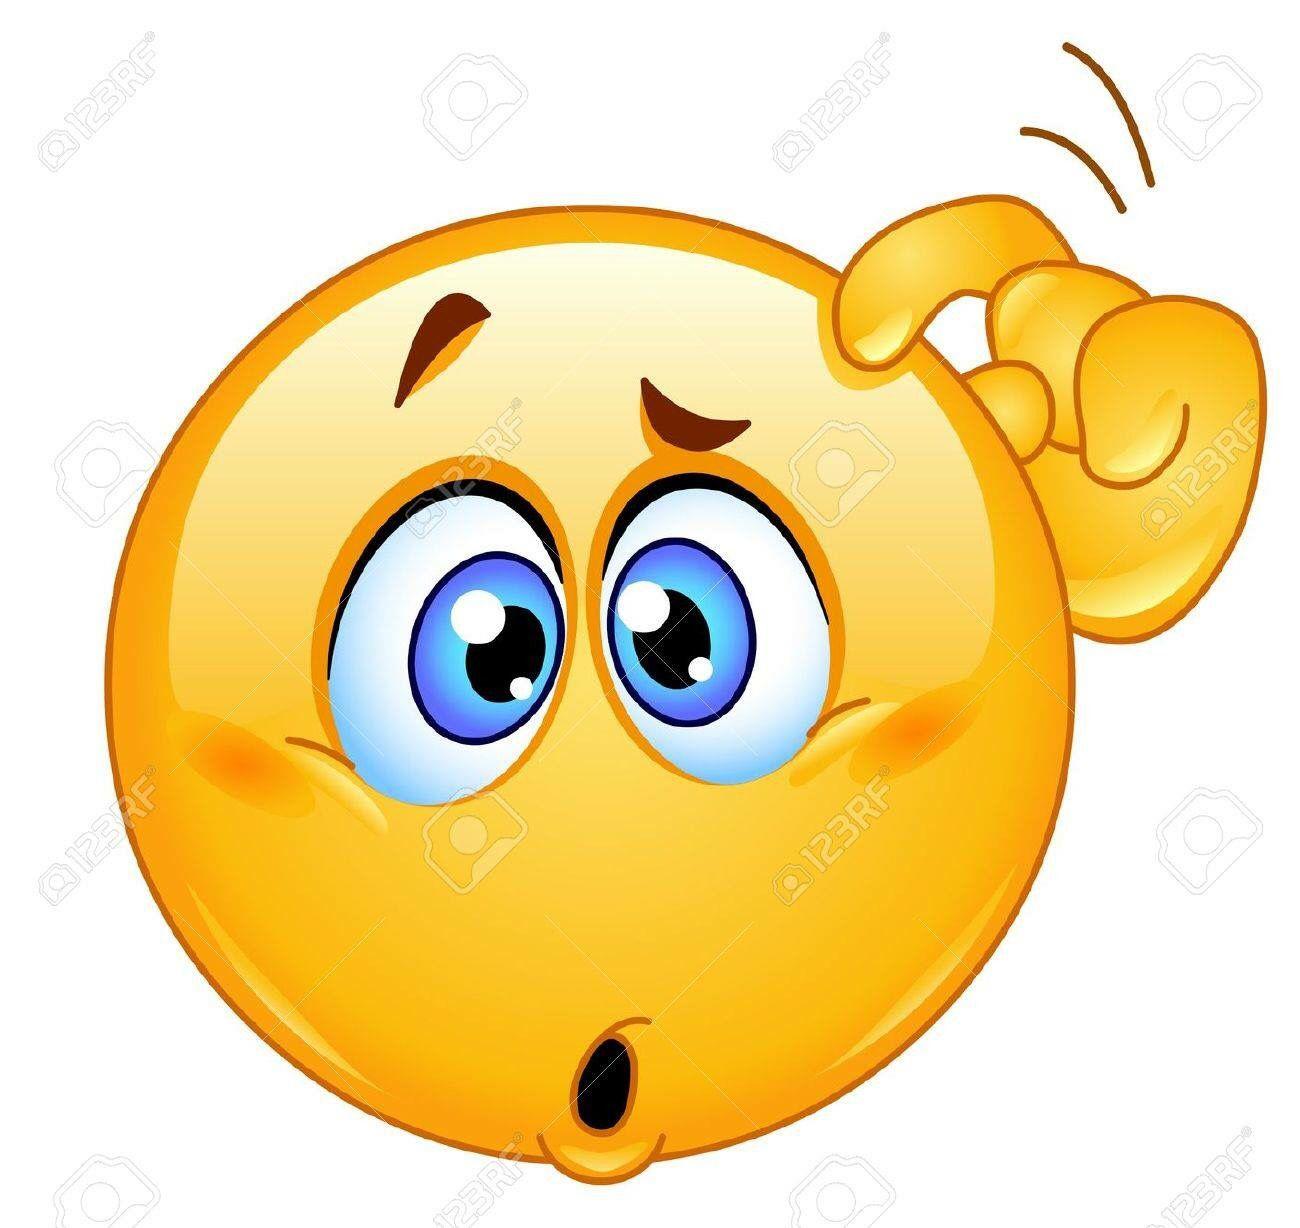 Pin by jenny elliott on my emojis pinterest emojis emojis biocorpaavc
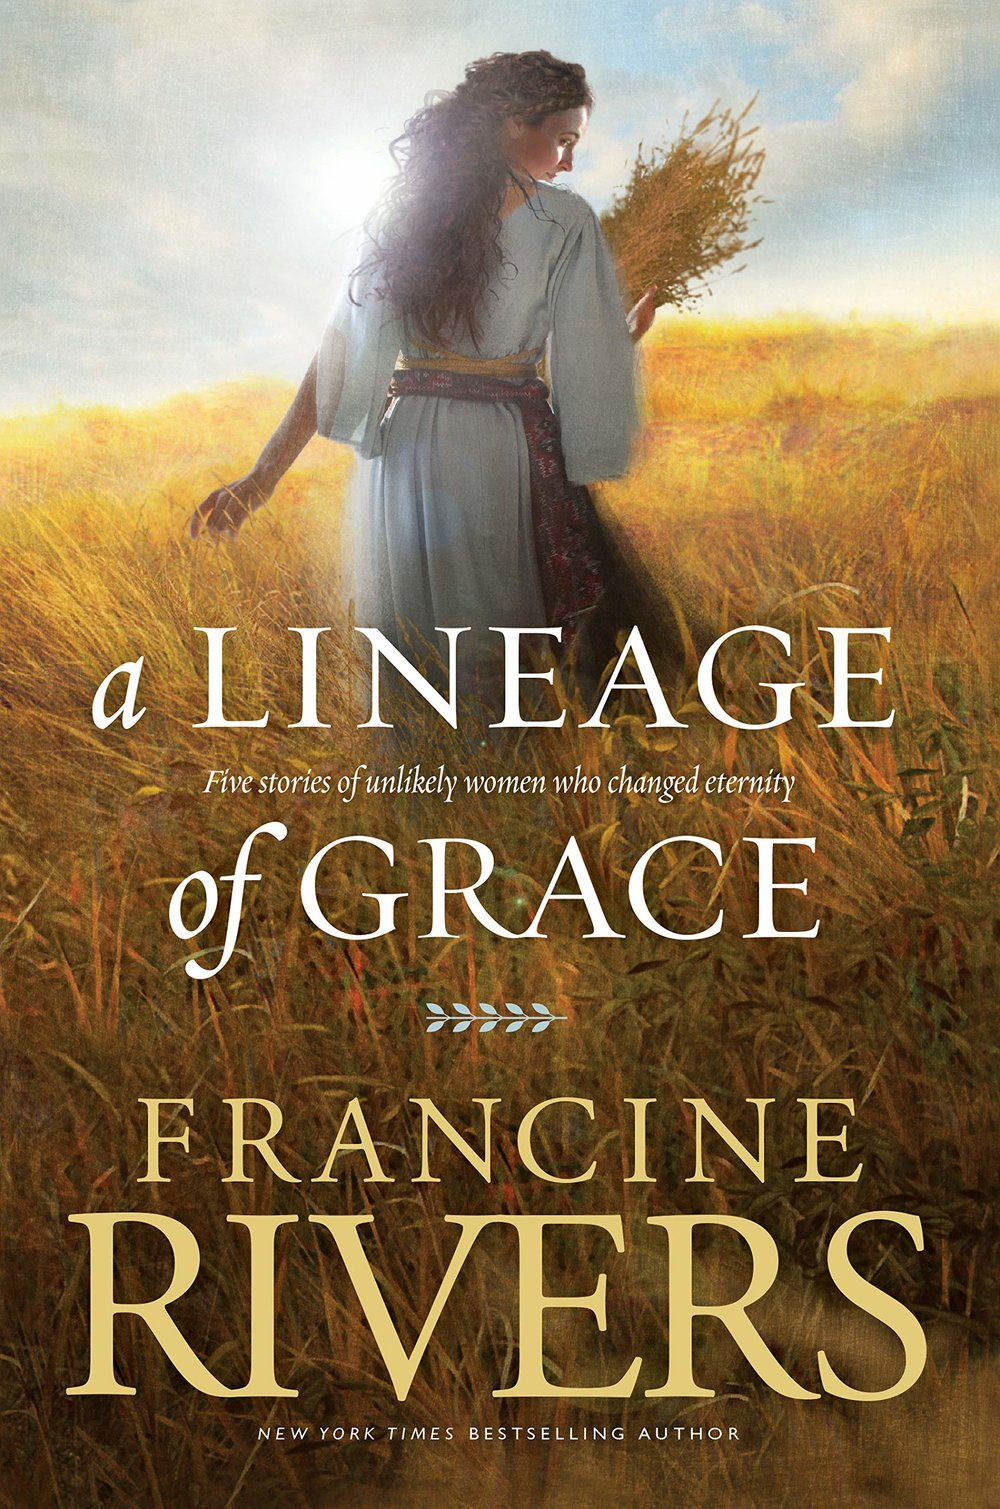 a lineage of grace francine rivers.jpg
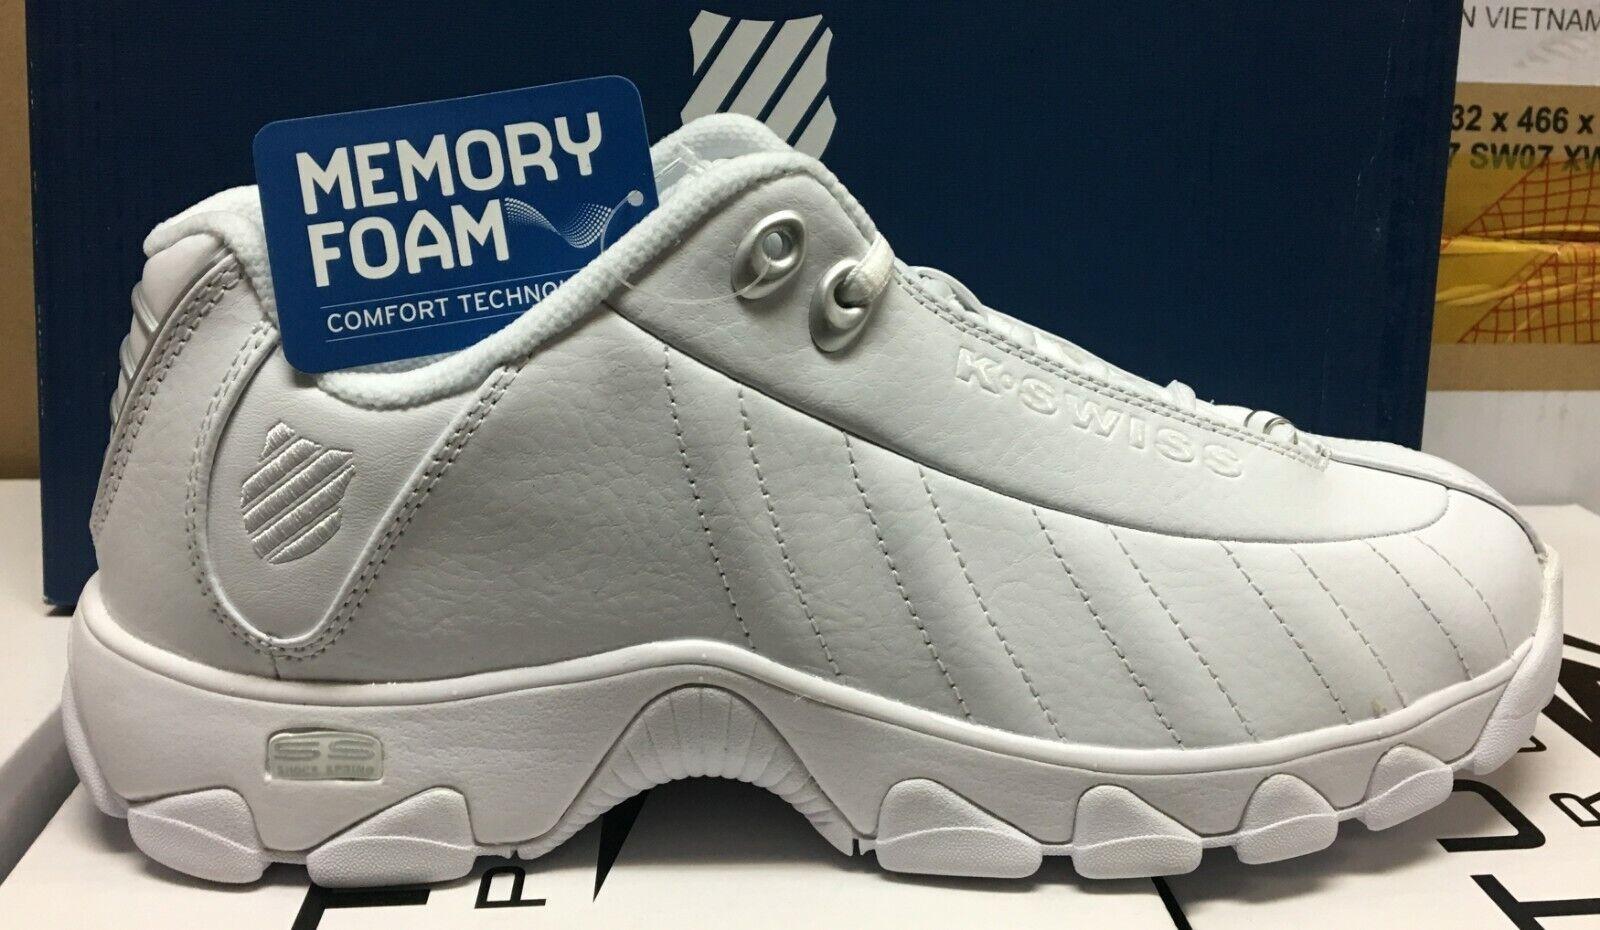 K-SWISS ST329 CMF Comfort Memory Foam Homme Casual Baskets Blanc 03426-155-M L

◆ EXERCISE AIM: Return the full listing above exactly as written, and omit the pictures.

◆ FINISHED TASK:
 Pin by jenny elliott on my emojis pinterest emojis emojis biocorpaavc
 a lineage of grace francine rivers.jpg
 K-SWISS ST329 CMF Comfort Memory Foam Homme Casual Baskets Blanc 03426-155-M L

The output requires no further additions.